UNITED STATES

SECURITIES AND EXCHANGE COMMISSION

Washington, D.C. 20549

FORM 6-K

REPORT OF FOREIGN PRIVATE ISSUER
PURSUANT TO RULE 13a-16 OR 15d-16
UNDER THE SECURITIES EXCHANGE ACT OF 1934

For the month of September 2022

Commission file number: 001-39477

GLOBAL BLUE GROUP HOLDING AG

(Exact name of Registrant as specified in its charter)


Zürichstrasse 38, 8306 Brüttisellen, Switzerland
+41 22 363 77 40
(Address of principal executive offices)


Indicate by check mark whether the registrant files or will file annual reports under cover Form 20-F or Form 40-F.

Form 20-F
Form 40-F

Indicate by check mark if the registrant is submitting the Form 6-K in paper as permitted by Regulation S-T Rule 101(b)(1):

Yes
 No




Indicate by check mark if the registrant is submitting the Form 6-K in paper as permitted by Regulation S-T Rule 101(b)(7):

Yes
 No






INFORMATION CONTAINED IN THIS REPORT ON FORM 6-K

On September 1, 2022, Global Blue Group Holding AG (the “Company”) held its annual general meeting at the offices of Niederer Kraft Frey Ltd at Bahnhofstrasse 53, Zurich 8001, Switzerland.

Please refer to Exhibit 99.1 to this Form 6-K for the full slate of matters approved at the annual general meeting.

This report on Form 6-K and the exhibits hereto shall be deemed to be incorporated by reference in the registration statement on Form F-3 (No. 333-259200) of the Company and the prospectuses incorporated therein.


SIGNATURE

Pursuant to the requirements of the Securities Exchange Act of 1934, the registrant has duly caused this report to be signed on its behalf by the undersigned, thereunto duly authorized.
                    
         
Date: September 2, 2022

GLOBAL BLUE GROUP HOLDING AG
             
By:         /s/ Jacques Stern
Name:         Jacques Stern
Title:         Chief Executive Officer    




EXHIBIT INDEX

Exhibit numberDescription
99.1




Exhibit 99.1

At the 2022 Annual General Meeting of Shareholders (the “AGM”) held on September 1, 2022, the Company’s shareholders approved all of the agenda items as proposed by the Board of Directors in the Invitation to the Annual General Meeting as published on August 11, 2022.

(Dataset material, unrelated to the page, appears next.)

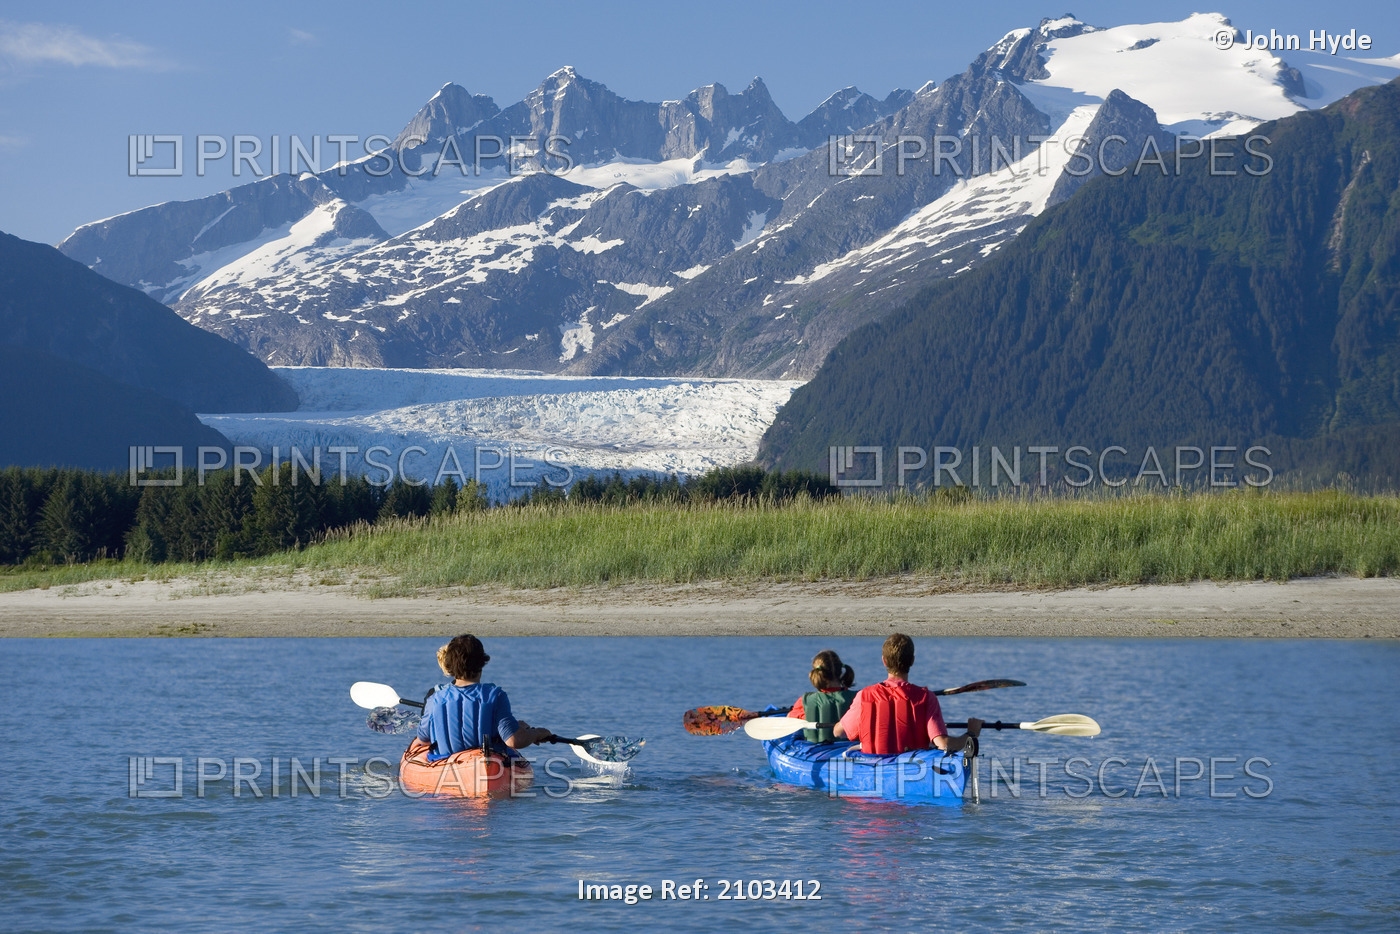 Kayakers Kayaking In Double Sea-Kayaks Near Juneau In Inside Passage With View ...

The Company’s shareholders approved the following matters at the AGM:

Item 1 - Annual Report 2021/2022, Consolidated Financial Statements 2021/2022, Statutory Financial Statements 2021/22 and Compensation Report 2021/2022. The shareholders approved the Annual Report 2021/2022, Consolidated Financial Statements 2021/2022, Statutory Financial Statements 2021/22 and Compensation Report 2021/2022.

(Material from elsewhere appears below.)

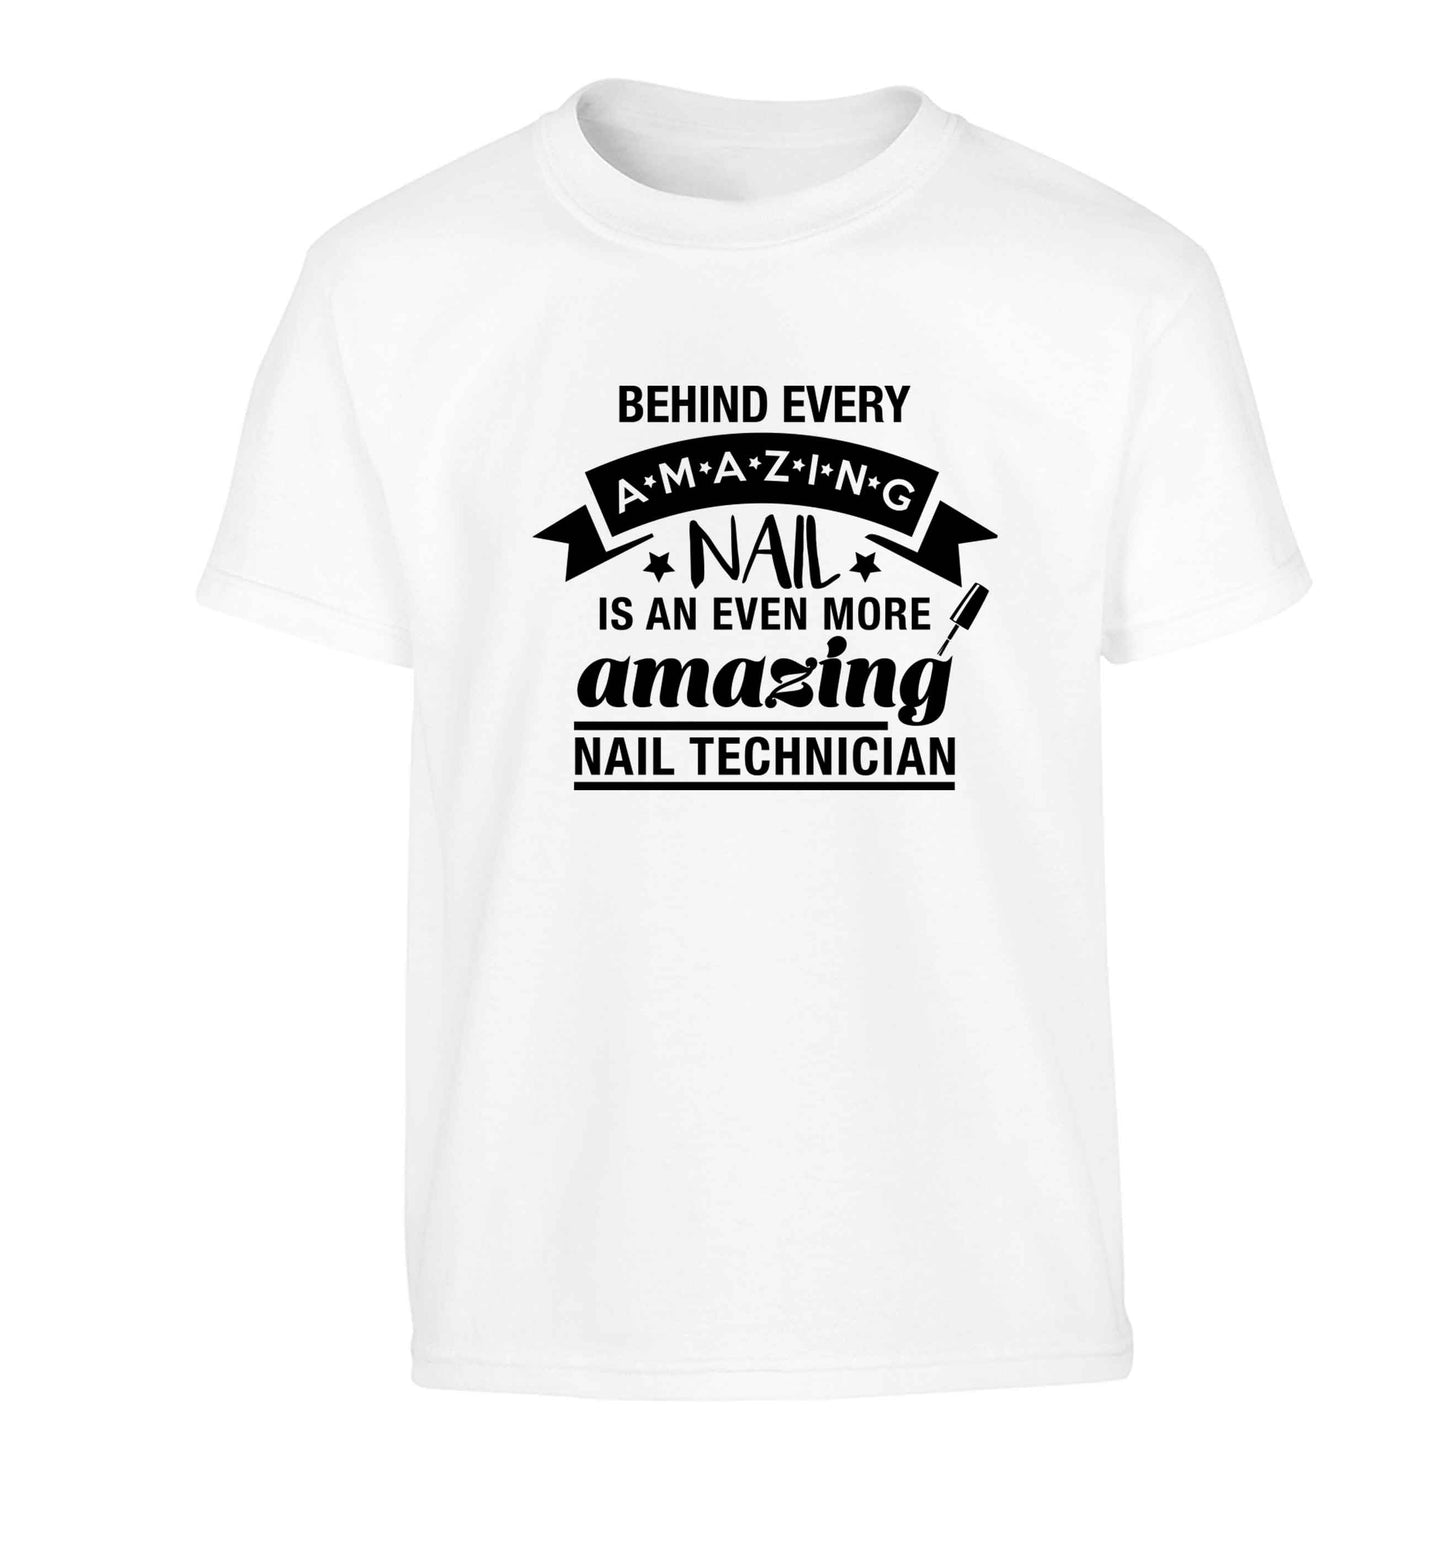 Behind every amazing nail is an even more amazing nail technician Children's white Tshirt 12-13 Years

Item 2 - Appropriation of Available Earnings. The shareholders approved that CHF5,543,000 disposable profit be carried forward.

Item 3 - Discharge of the Board of Directors and of the Executive Committee. The shareholders approved the discharge of the members of the Board of Directors and Executive Committee from liability for the fiscal year 2021/2022.

Item 4 - Board elections. The shareholders approved:

4.1 Re-election of the following board members: Thomas Farley, Joseph Osnoss, Christian Lucas, Jacques Stern, Eric Strutz, Eric Meurice, Ulf Pagenkopf, Guoming Cheng and Thomas Klein.

4.2 Re-election of Thomas Farley as Chairman of the Board of Directors.

4.3 Election of Thomas Farley, Joseph Osnoss and Eric Strutz as members of the Nomination and Compensation Committee.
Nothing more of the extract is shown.